On June 23, California had the country’s highest gasoline prices, $6.36 a gallon, according to AAA. So legislators are opening an investigation to find the villains responsible. Here’s a hint that will help them in their search: There’s no need to look far for the scoundrels because they are inside the building.
Assembly Speaker Anthony Rendon, who announced the formation of a bipartisan committee charged with finding ways the state can reduce gas prices, promised lawmakers will “stand up to the profiteers abusing a historic situation to suck profits from Californians’ wallets.”
There “is no excuse for the actions of those who pin California drivers down with a foot on our necks and a hand in our pockets,” he said.
The committee will commence its enormous waste of time and public resources within weeks.
The story behind high gas prices begins with a president who as a candidate said “I guarantee you we’re going to end fossil fuel,” then while in office actively obstructed energy projects. Not long after taking his oath, Joe Biden almost immediately shut down new oil and gas leases on federal lands and in waters, eventually killed the Keystone XL pipeline project, and a little more than a year ago “suspended all activities related to the implementation of the Coastal Plain Oil and Gas Leasing Program in the Arctic National Wildlife Refuge” that President Donald Trump had approved.
Then just days ago, Biden Energy Secretary Jennifer Granholm highlighted the administration’s policy incoherence when she told CNN that “today we need” the supply of gasoline to increase, then added but “of course in five or 10 years, actually in the immediate, we are also pressing on the accelerator if you will to move toward clean energy so that we don’t have to be under the thumb of petro-dictators.”
In other words, oil companies are expected to boost their output today, then right away begin dismantling their operations — because the White House says so.
Investors are not unaware of the administration’s agenda, nor are oil company executives. Why capitalize an industry that the White House wants to put out of business? Why bother with expensive and often long-term repairs, upgrades and new construction when the president tells the world “we’re going through an incredible transition” that will lead us to be “less reliant on fossil fuels”?
Consequently, production falls and with no corresponding drop in demand, prices have to rise. Talk about profiteering and “ripping off California consumers” is just so much meaningless yammering.
While the Biden administration’s policies have affected the entire country, California has a set of problems all its own, beginning with motor fuel taxes. At 68 cents a gallon, this state has the country’s highest gasoline tax.

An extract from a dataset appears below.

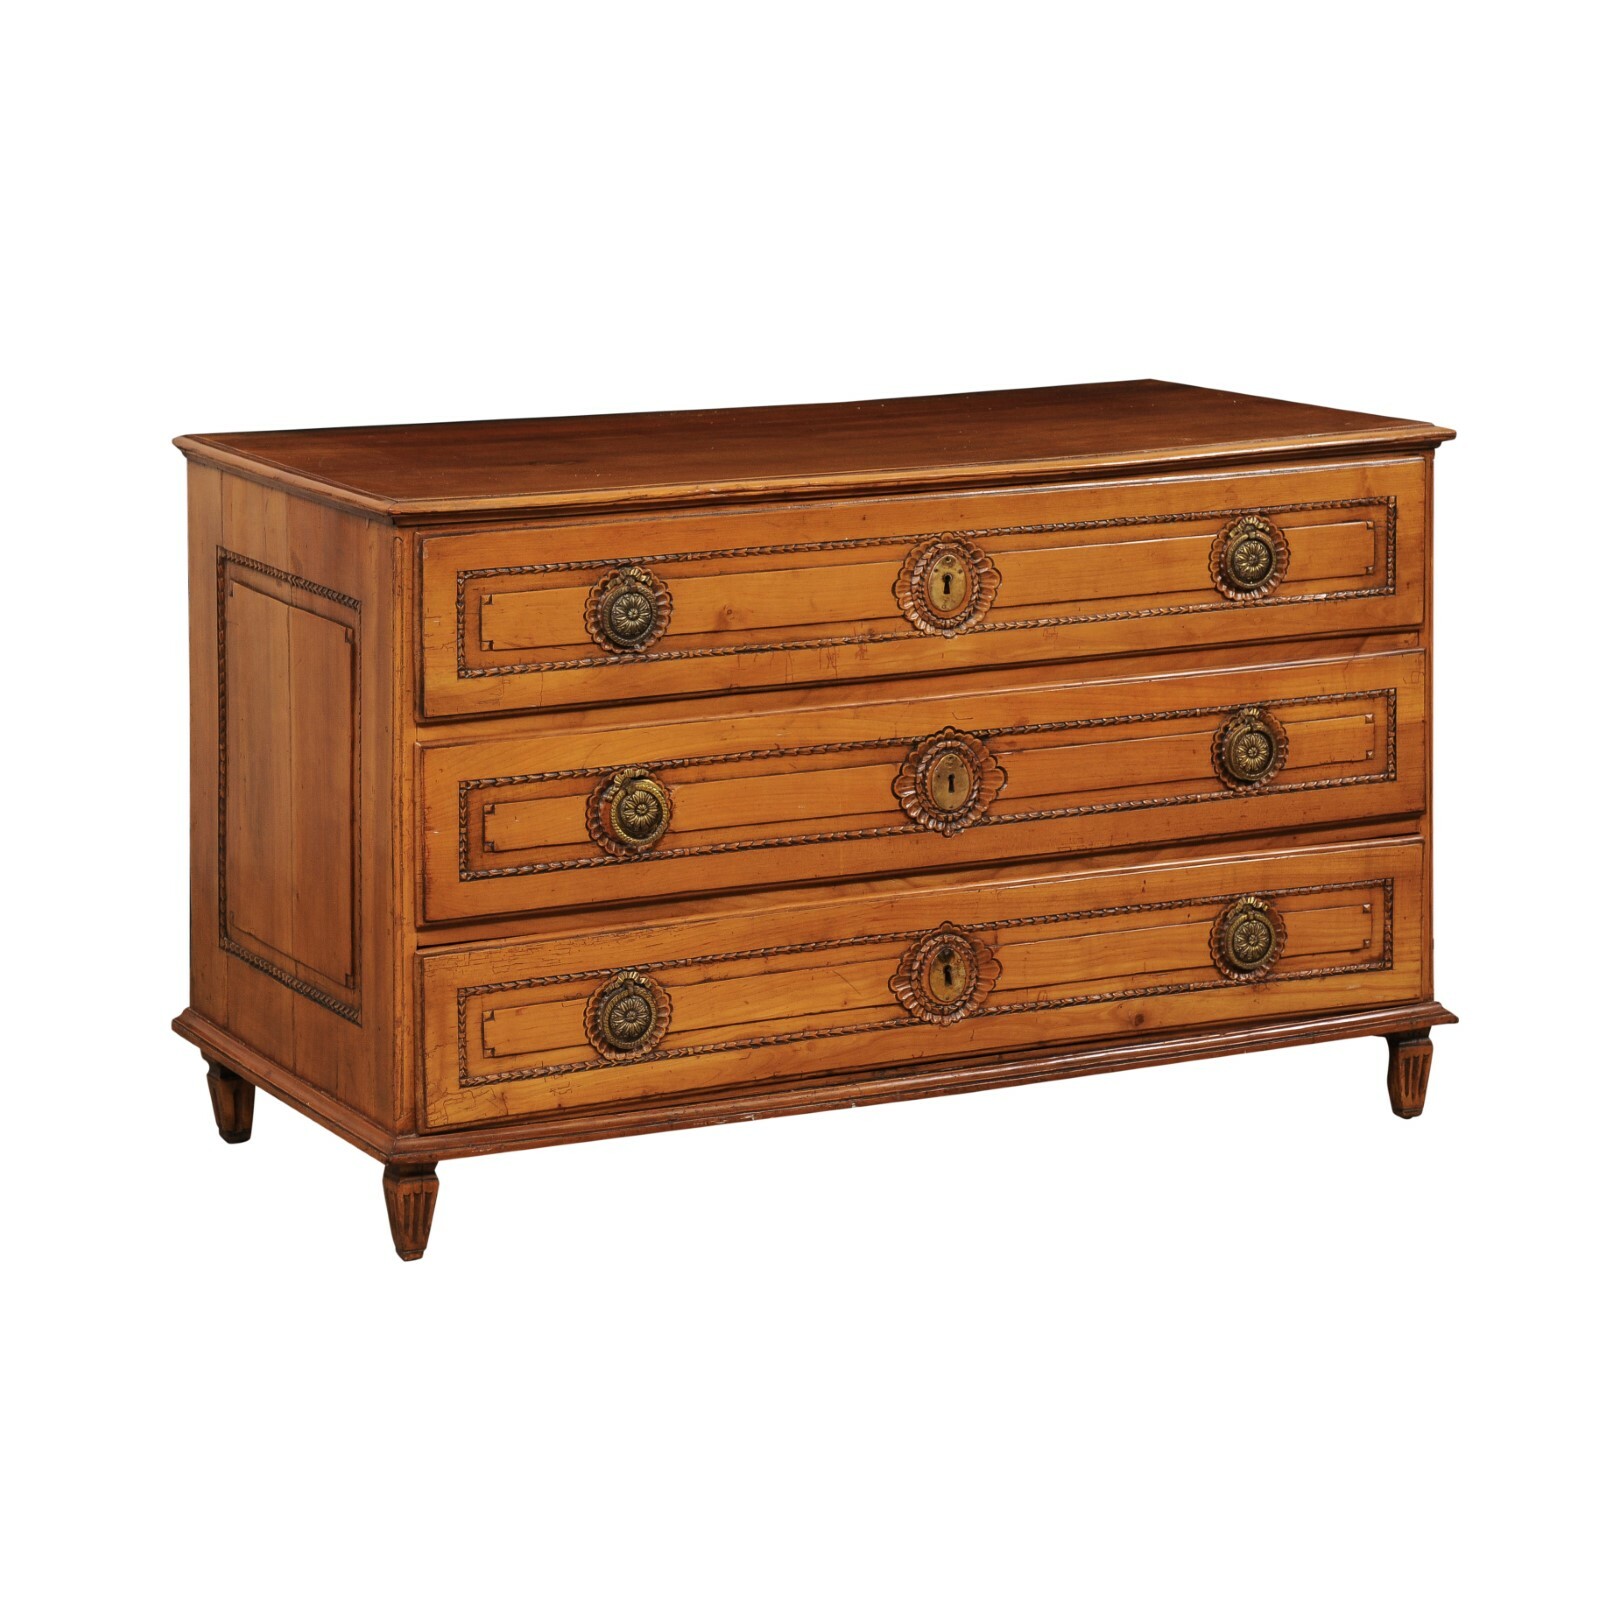 18th C. French Commode w/Nice Trim Details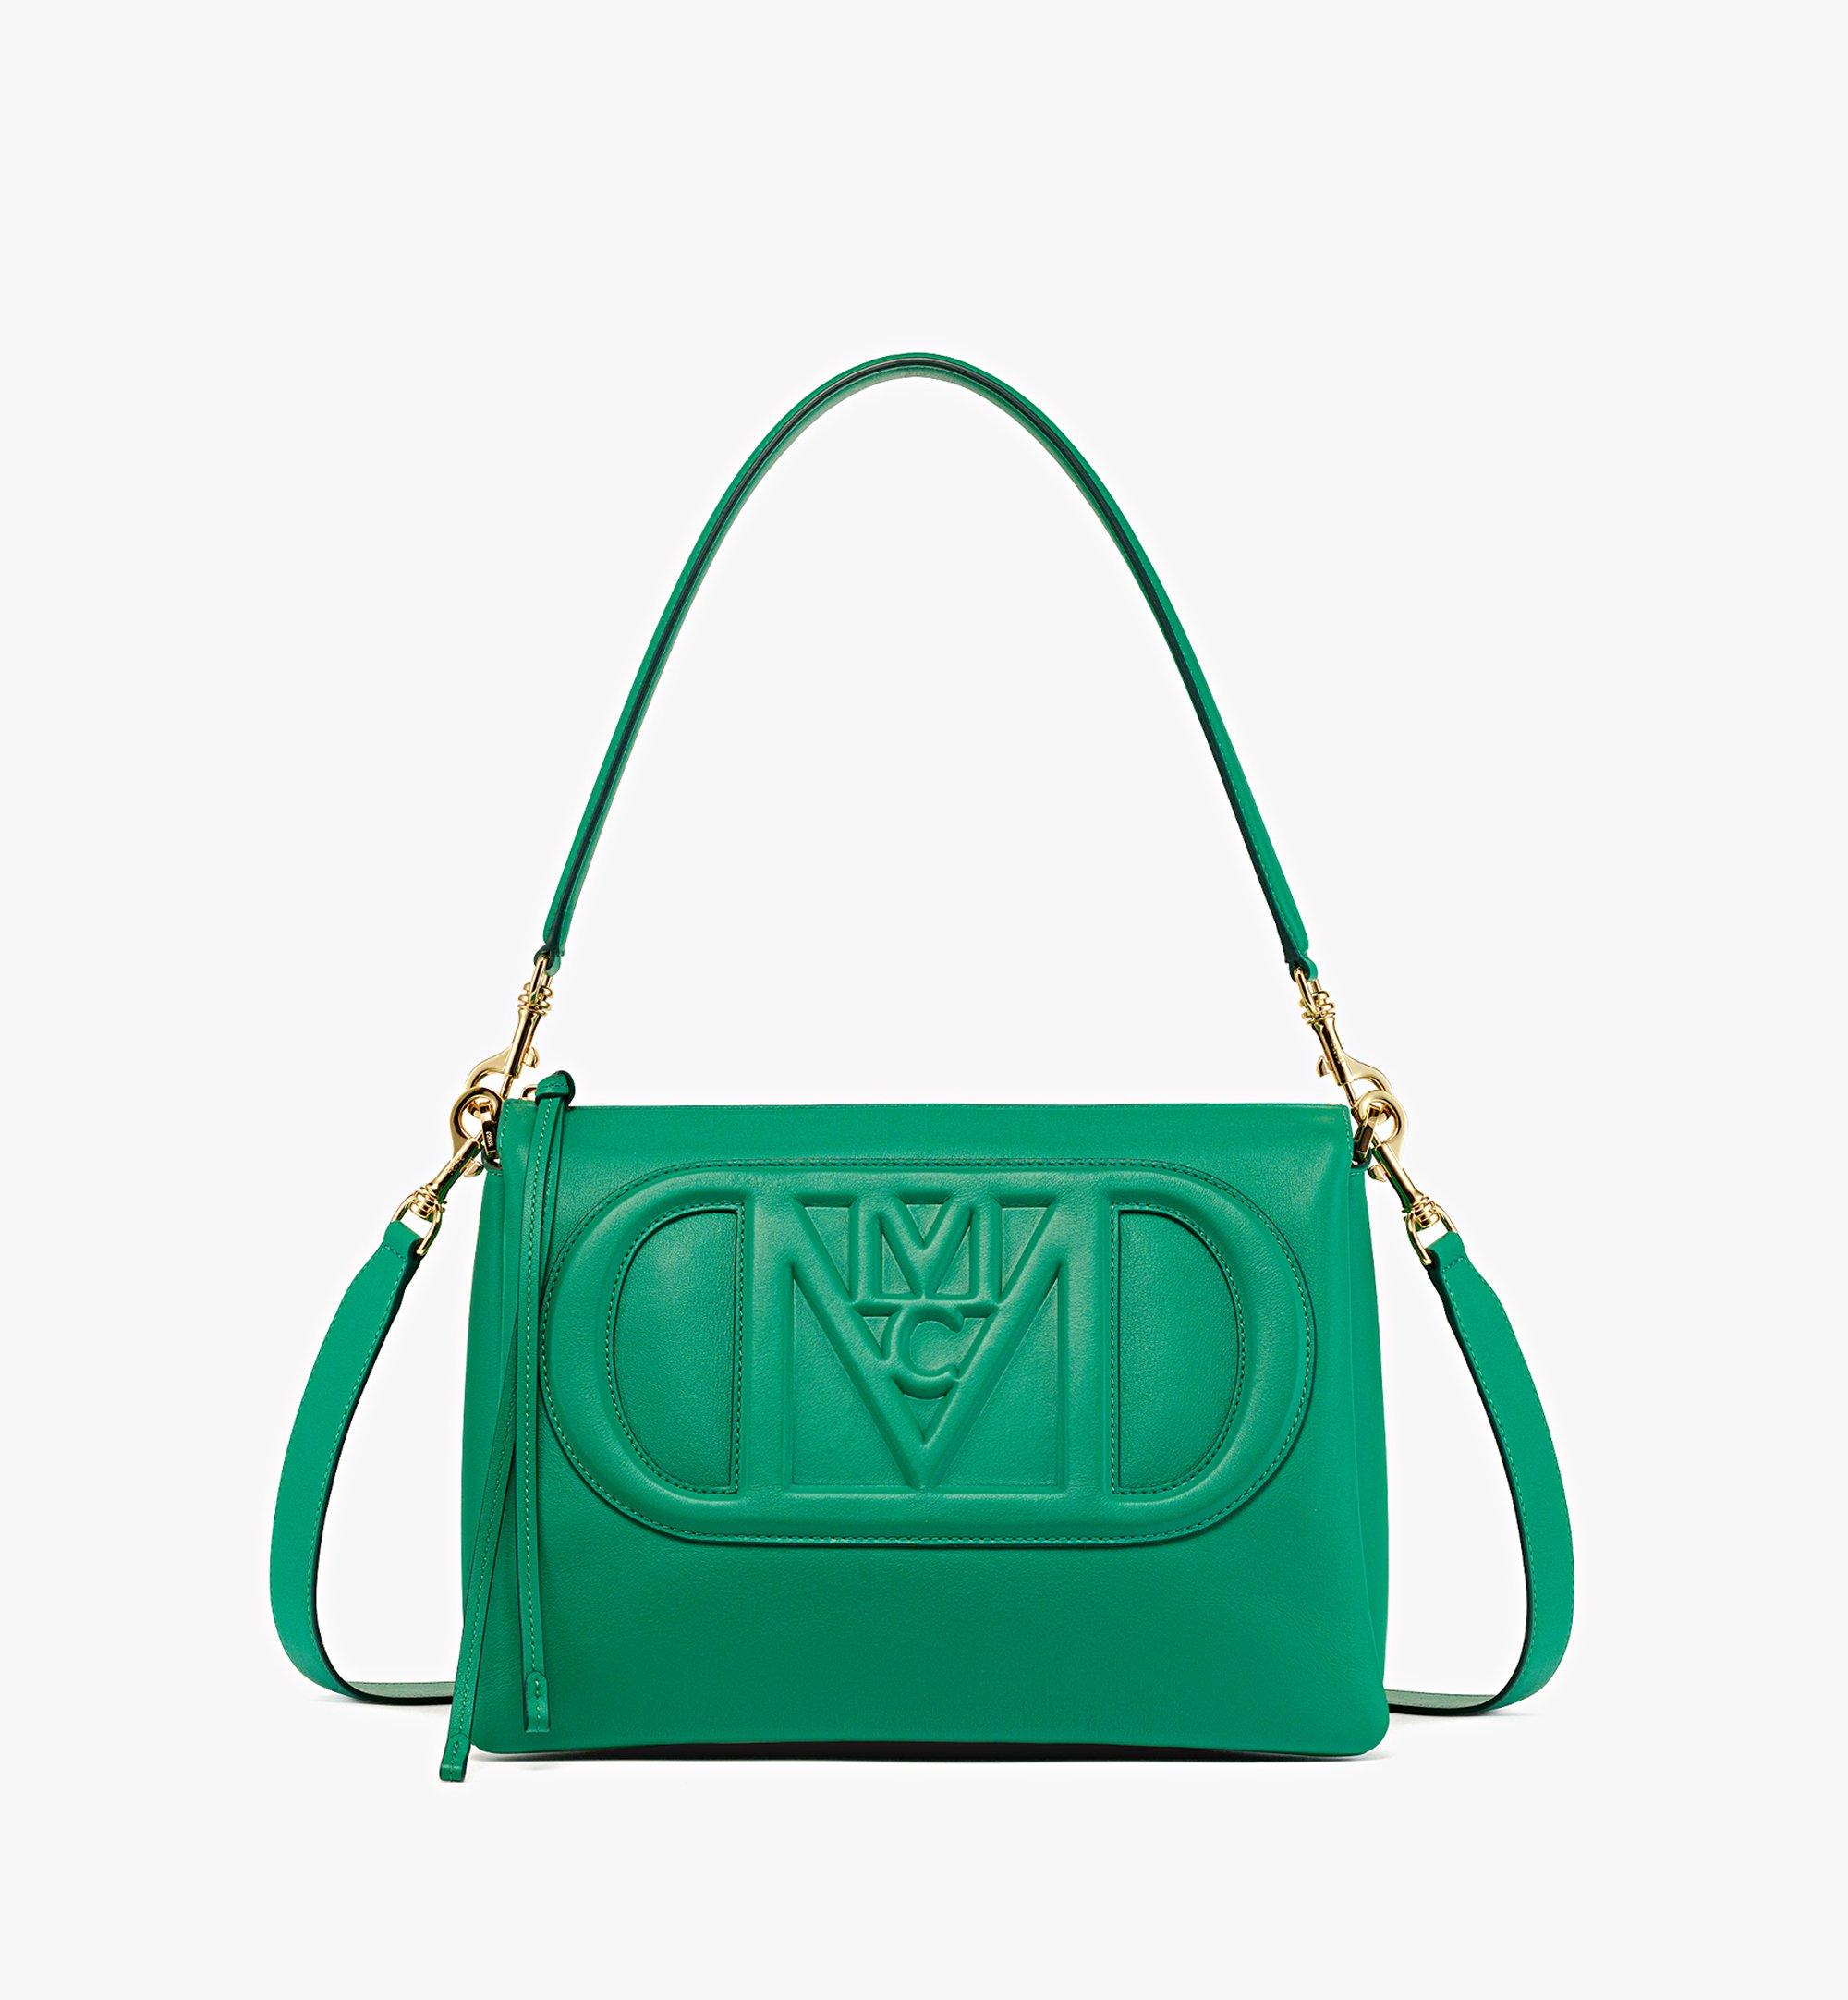 MCM Mode Travia Shoulder Bag in Spanish Calf Leather Green MWRDALD02J8001 Alternate View 1

On July 1, another 2.8 cents was added to each gallon to pay for Senate Bill 1, the $52 billion road repair legislation that has increased gas taxes every year since 2019.
But that’s only at the surface of a problem that goes far deeper.
For instance, the state’s cap-and-trade program now adds 24 cents to a gallon of gasoline, according to the Western States Petroleum Association, while the California Carbon Fuel Standard loads on more than 22 cents per gallon.
Then there is the reformulated fuel blend, mandated by the state Air Resources Board which is more expensive to produce than conventional fuels. Its additional costs — 10 to 15 cents a gallon — are passed on to drivers in the same way that other policy-caused costs are dropped on consumers.
Though it might seem as if a point of desperation has been reached, more punishment is ahead for Californians. Gov. Gavin Newsom has adopted a policy that has both immediate and future effects: Late last year, as prices were climbing, he called for a ban on all drilling in the state that holds more crude reserves than all but three other states — yet is seventh in oil production — by 2045.
Even though they know why prices are so steep, lawmakers will carry out their charade, and line up the usual suspects. They will blame anyone but themselves.